Churches' Mobilisation for Poverty Reduction

Indicator Phrasing

Number of churches bringing about change in their community

Indicator Phrasing

INDICATOR PHRASING: Number of churches bringing about change in their community

What is its purpose?

Demonstrating the scale and impact of CCT through measuring the number of local churches who are actively engaging in a CCT process as a result of mobilisation from a facilitator who was trained as a result of Tearfund funding and/or catalytic influencing from Tearfund; where they are experiencing positive change in the lives of individuals and the wider community

How to Collect and Analyse the Required Data

Definitions:

‘Local church' refers to a sustainable community of local Christian believers, who come together to worship, study the bible and pray.

The ‘local church’ may meet in a church building, a community building,  a school hall,  or someone’s home or outside, anywhere where they gather together.

This is the individual local congregation as opposed to denomination. 

Local churches can only be counted as ‘Bringing about change' if the local church group or community report that there have been positive changes in their lives as a result of the CCT process.

 

How?

Minimum practice - stories of transformation shared by each facilitator every 6 months. This can be written, photos, video or other medium and should be a process where the facilitator supports the church and/or community to reflect on their progress and the most significant change they have seen. This can be shared when the facilitators feedback to coordinators or trainers and should be part of their mentoring journey.

Medium practice.

Facilitators use the Light Wheel to facilitate discussion about holistic wellbeing using the 9 spokes of the Light Wheel. At a focus group discussion the church and community score their progress at the start and then every 6 months using the Light Wheel maturity model .

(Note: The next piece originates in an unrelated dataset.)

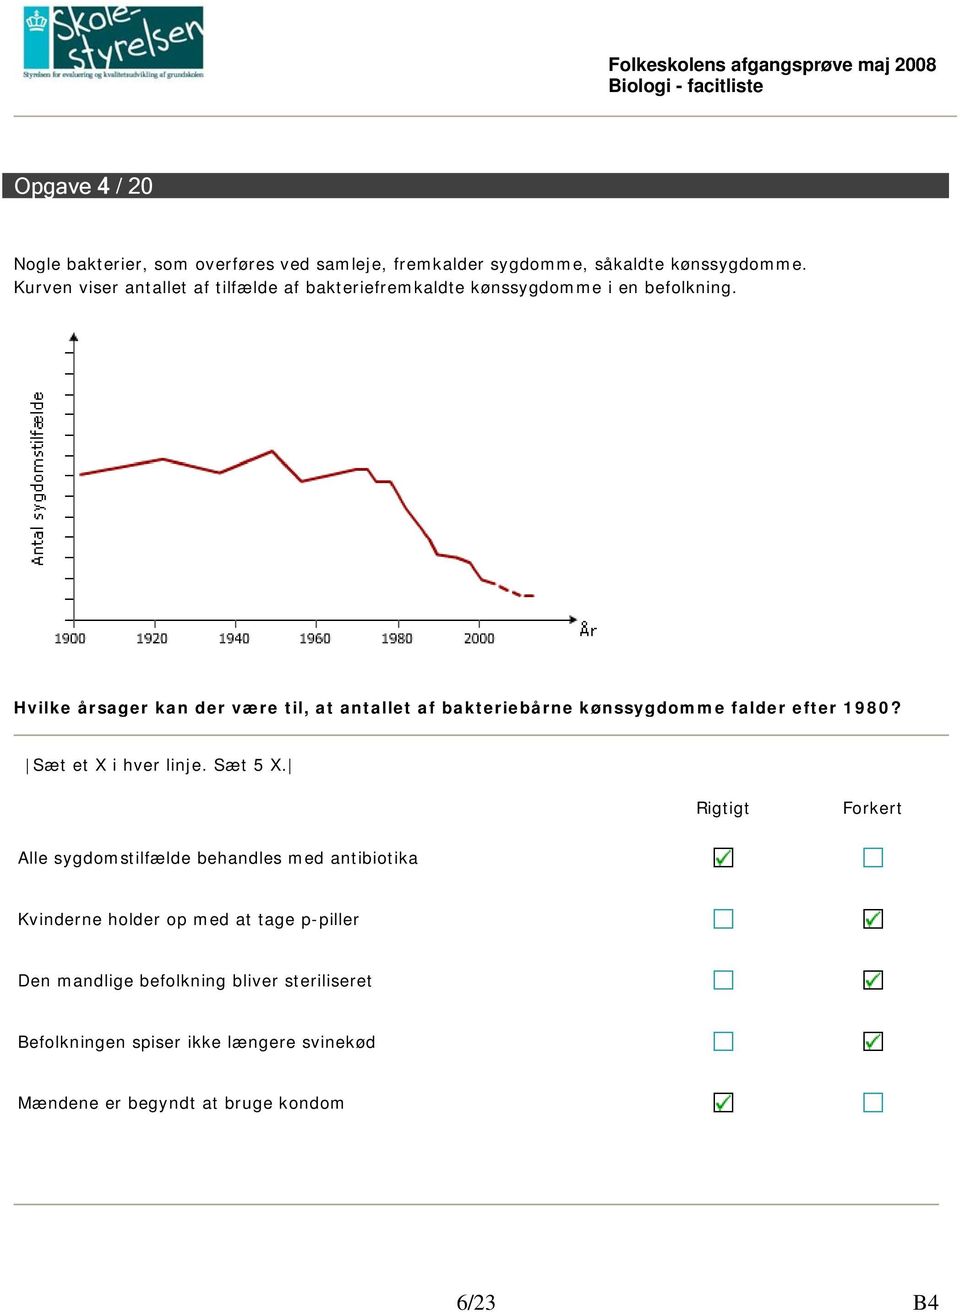 Hvilke årsager kan der være til, at antallet af bakteriebårne kønssygdomme falder efter 1980? Sæt et X i hver linje. Sæt 5 X.

The facilitator shares feedback with the CCT coordinator or trainer every 6 months, providing the most significant change stories that are identified by the group. (The Light Wheel focus group discussion can work well to provide a framework for discussion in any CCT process and more specifically  complement the church description and community description phase.) 

Recommended best practice: use the Light Wheel

It is recommended to use household surveys, focus groups and observation transect walk with a sample of the church and community members from each sampled location. Ideally this would be done at the start to provide a baseline of the CCT process, and this can be done alongside the church and community description phase.

  • Baseline

Simple Light Wheel Household survey with a sample of church and community members from each location. 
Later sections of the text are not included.